In different studies conducted in different populations, the prevalence of SHOX variations in ISS children represent a wide array. The study conducted by Suppia et al., 2003 showed around 7% patients with ISS having SHOX gene deletion, while Musebeck et al., 2001 conducted a study over 35 patients of ISS, none of whom had the gene deletion.
This meta-analysis aimed to investigate the association between the SHOX variation and ISS in Asia. Data was included from 11 selected studies, which involved 979 ISS cases. Overall prevalence of SHOX variation in Asia was found to be 14.3%. These results indicate the implication and the association of these variations with ISS in Asia. For comparison, the participants were divided into South, West and East Asian sub-groups. In South Asia, the results indicated the presence of SHOX variations in 10.4% of the patients with ISS.
Among South Asians, Kumar et al., 2020 reported pathogenic heterozygous variants in 4 children (6.5%). Variations included exon 5 duplication, splice site point variant c.278-1G>C in exon 3, partial deletion and complete deletion. Singh et al., 2018 showed SHOX haploinsufficiency in two patients, while one patient had mosaic gain in SHOX.

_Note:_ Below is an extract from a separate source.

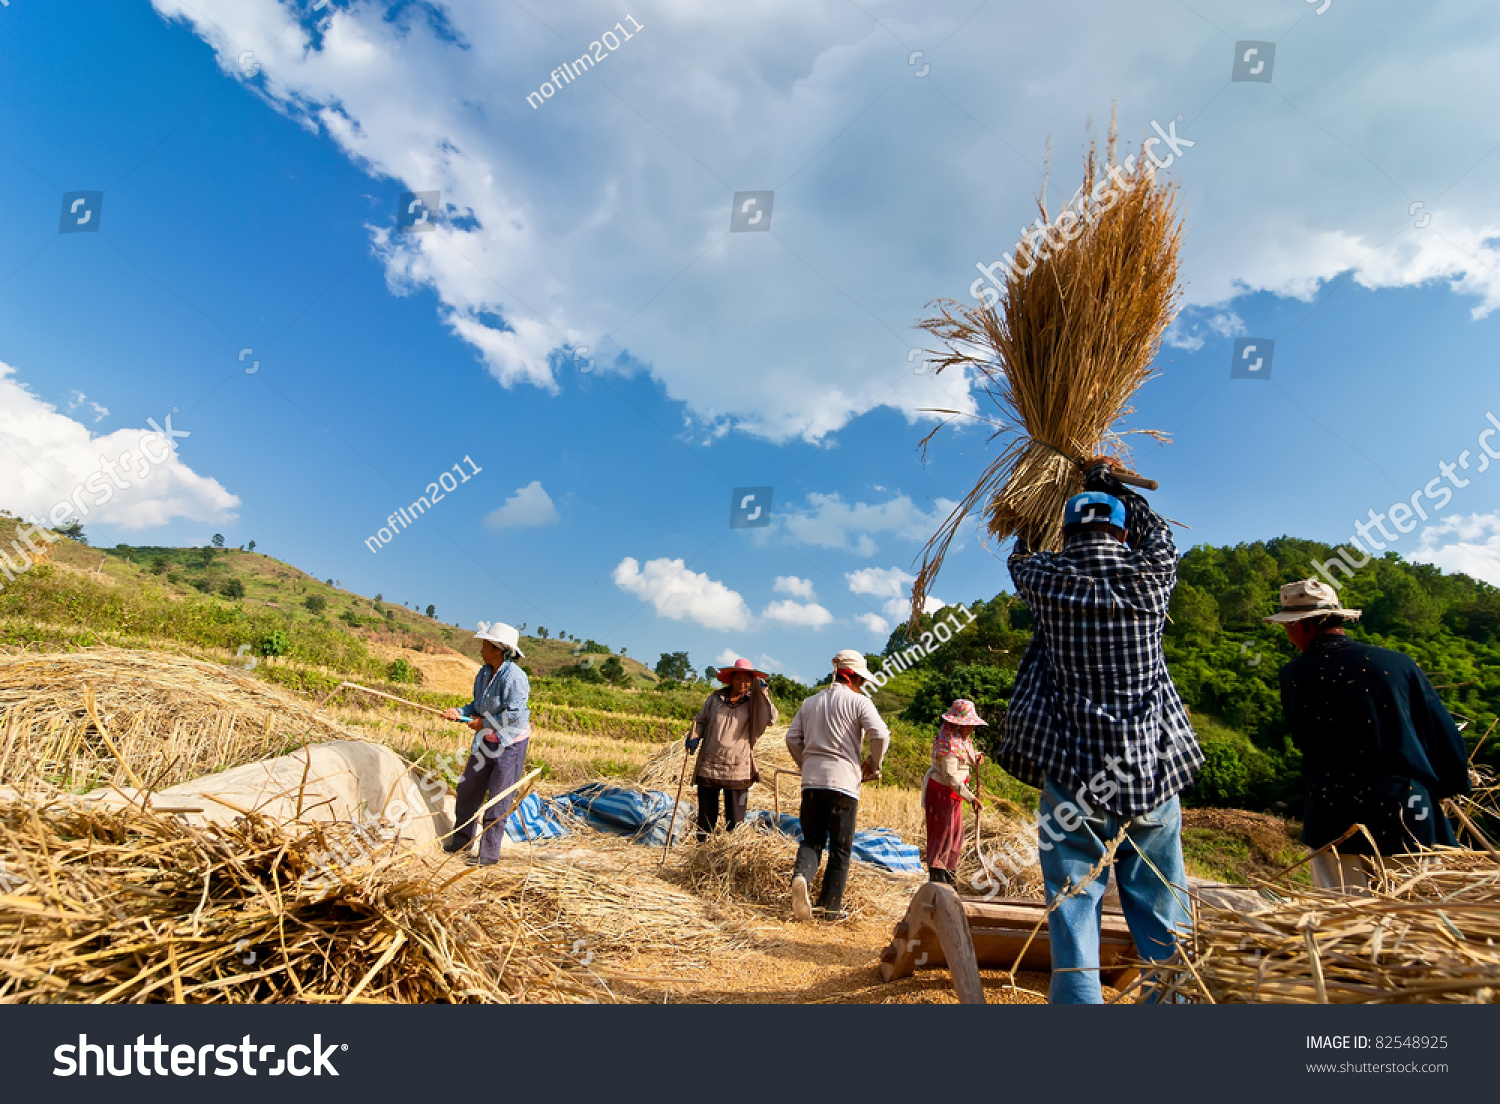 The harvest of a mountain tribe in northern Thailand. #82548925

In West Asian population, Dalil et al., 2016 found one patient (2.6%) with SHOX variation. Contrarily, Bakir et al., 2018 has not found any variation in the exonic sequences and exon/intron boundaries of the SHOX gene. Alharthi et al., 2017 found only one variation in exon 4 of SHOX gene while rest of patients had polymorphisms in exons 1, 2, 4, and 6. Gursoy et al., 2020 showed three different point variations and one whole SHOX gene deletion 15 patients from four different families. Overall prevalence in West Asia came around 7.5%.

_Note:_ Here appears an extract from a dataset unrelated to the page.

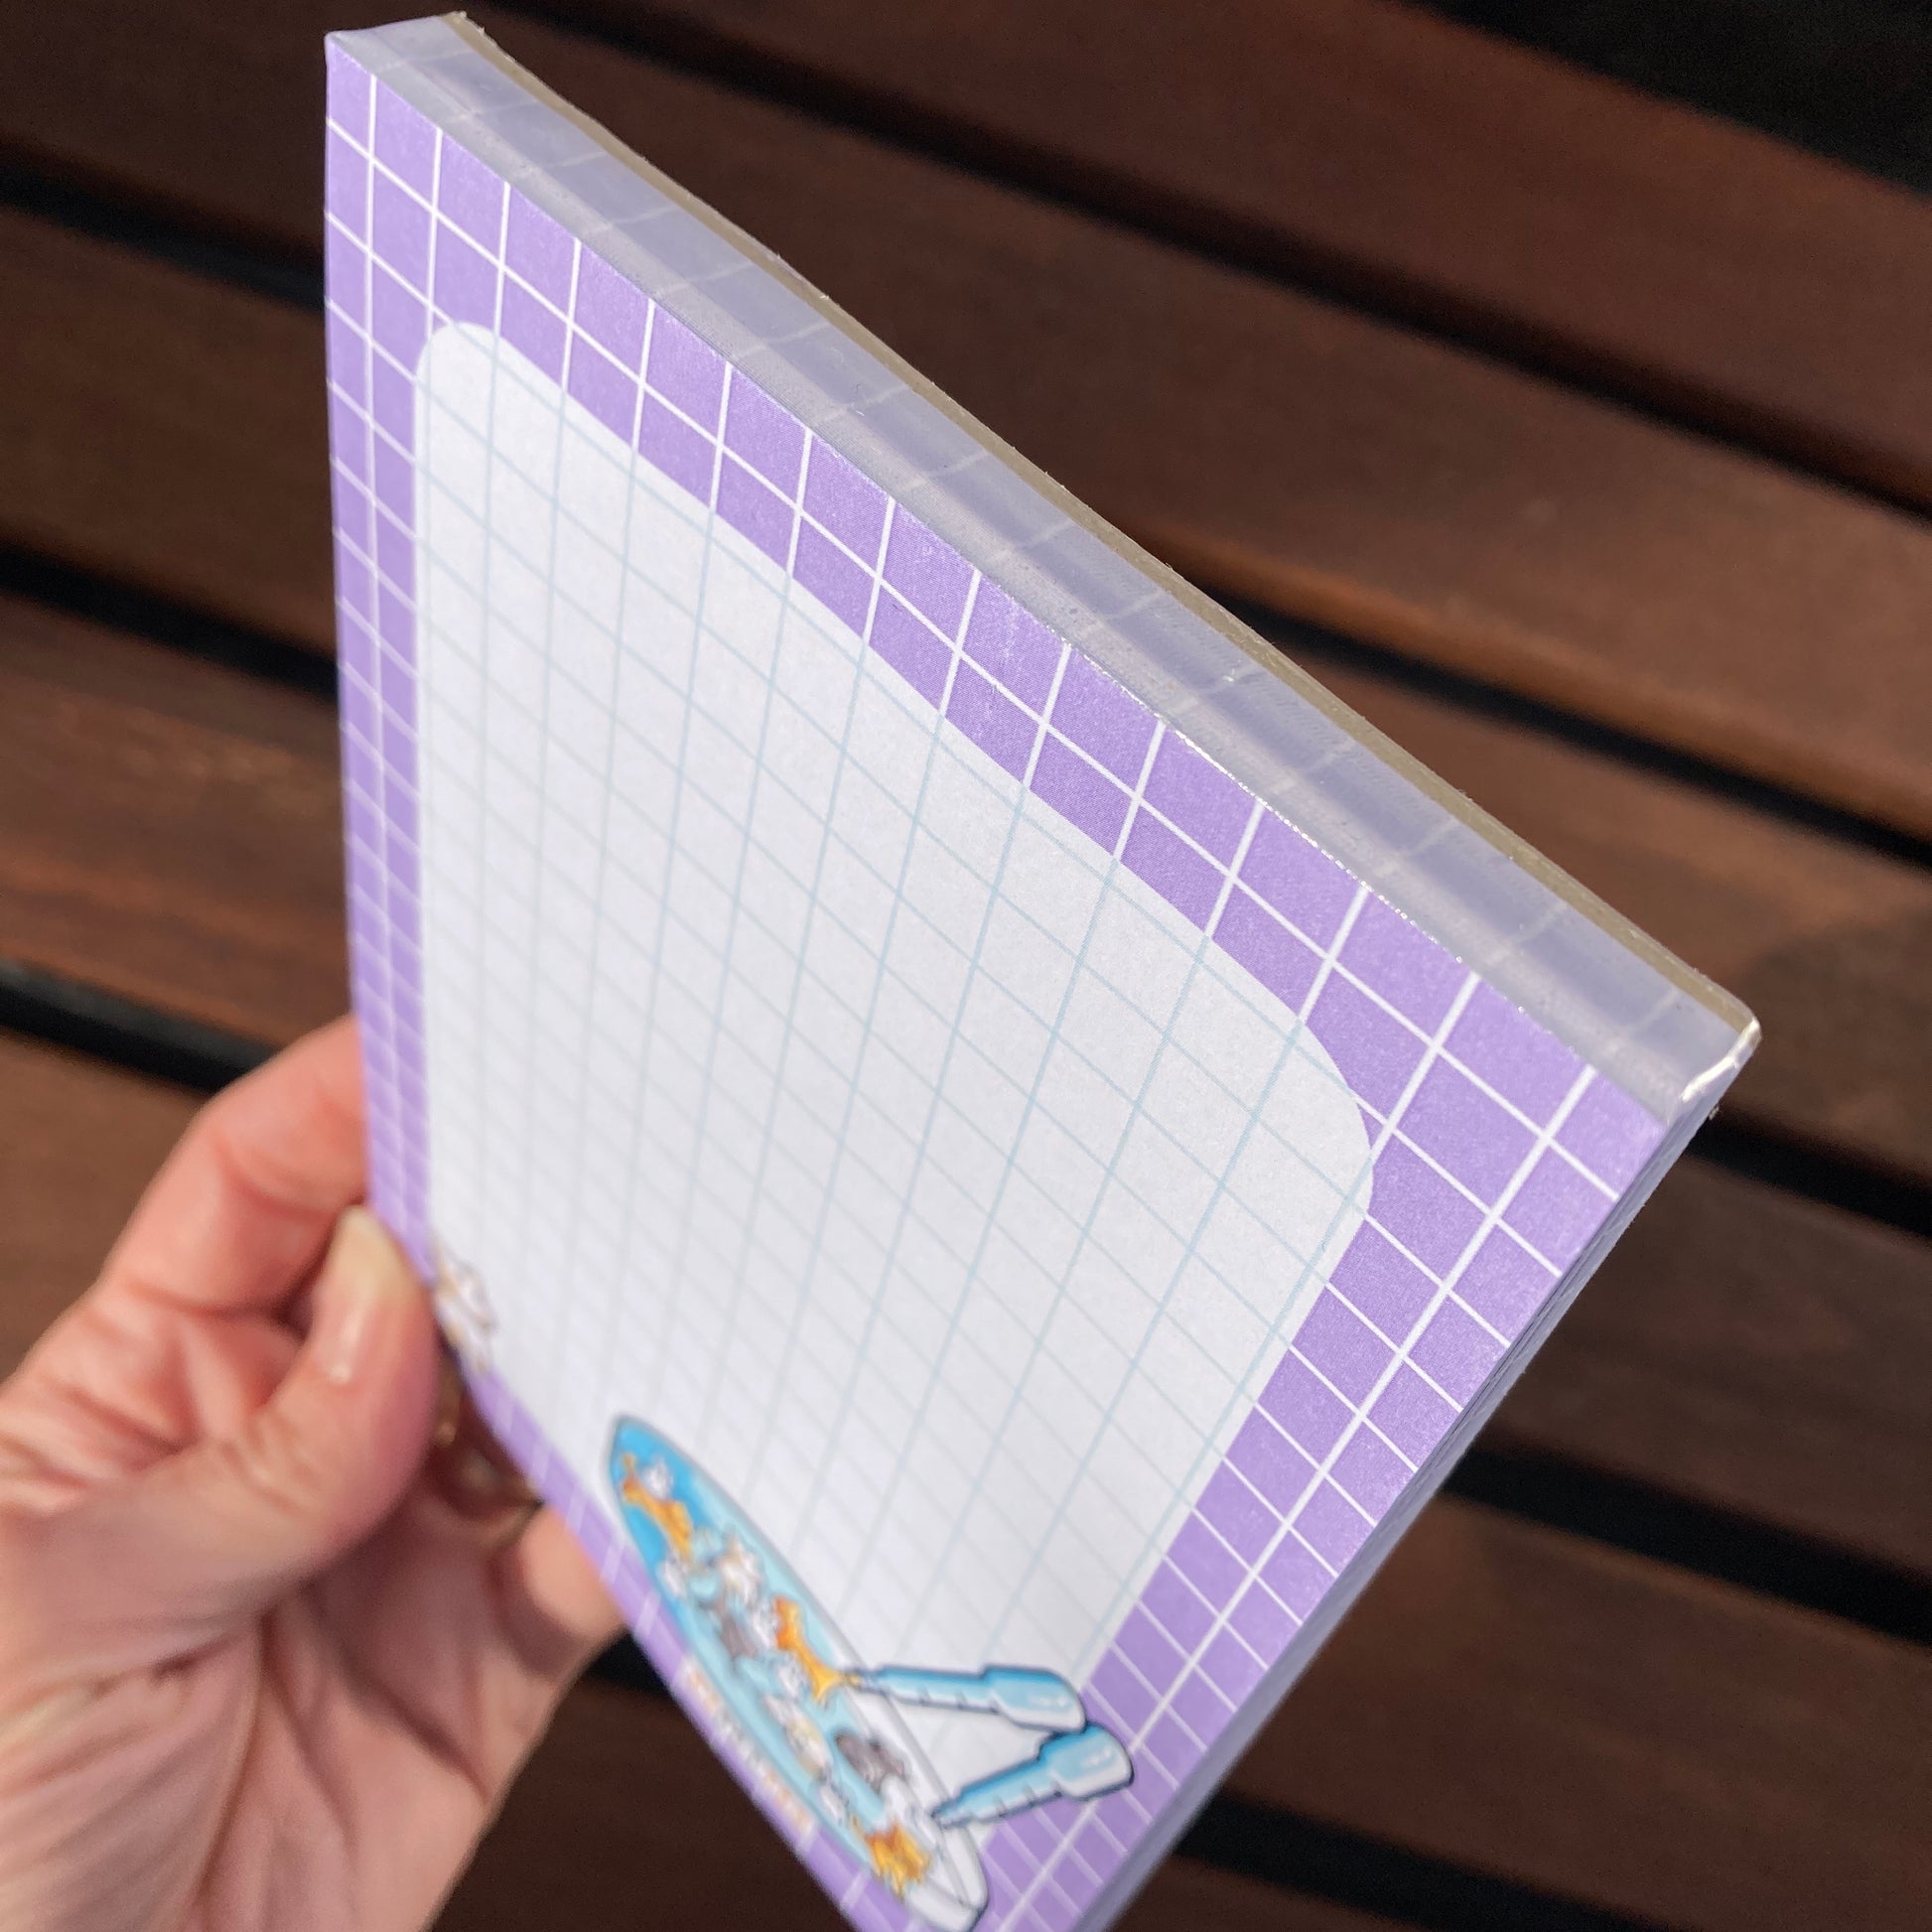 A hand holding the notepad at an angle to show the short top glued edge and a side edge of the notepad.

In Eastern Asia, Fukami et al., 2015 reported six rare CNVs in PAR1 in 245 patients. Lee et al., 2021 have confirmed SHOX deficiency in 23 patients from 15 unrelated families. In a study by Tung et al., 2018 SHOX gene intragenic deletions were found in five patients, one deletion in the regulatory region, and a missense variation at exon 5. Prevalence of variation in SHOX gene varied in between different geographical regions of Asia, being highest in South Asia. While Shima et al., 2016 stated SHOX abnormalities in 3.8% of ISS and 50% of LWD cases. These results indicate the difference in the prevalence of the SHOX variations according to the selection criteria, used methods, sample size, and population.
The meta-analysis is a compilation of findings from the last decade and an updated picture of overall prevalence of SHOX variations in Asians, underscoring its potential as a main target in ISS patients. Further investigations of higher quality, large cohort size with functional validation are warranted to validate this association.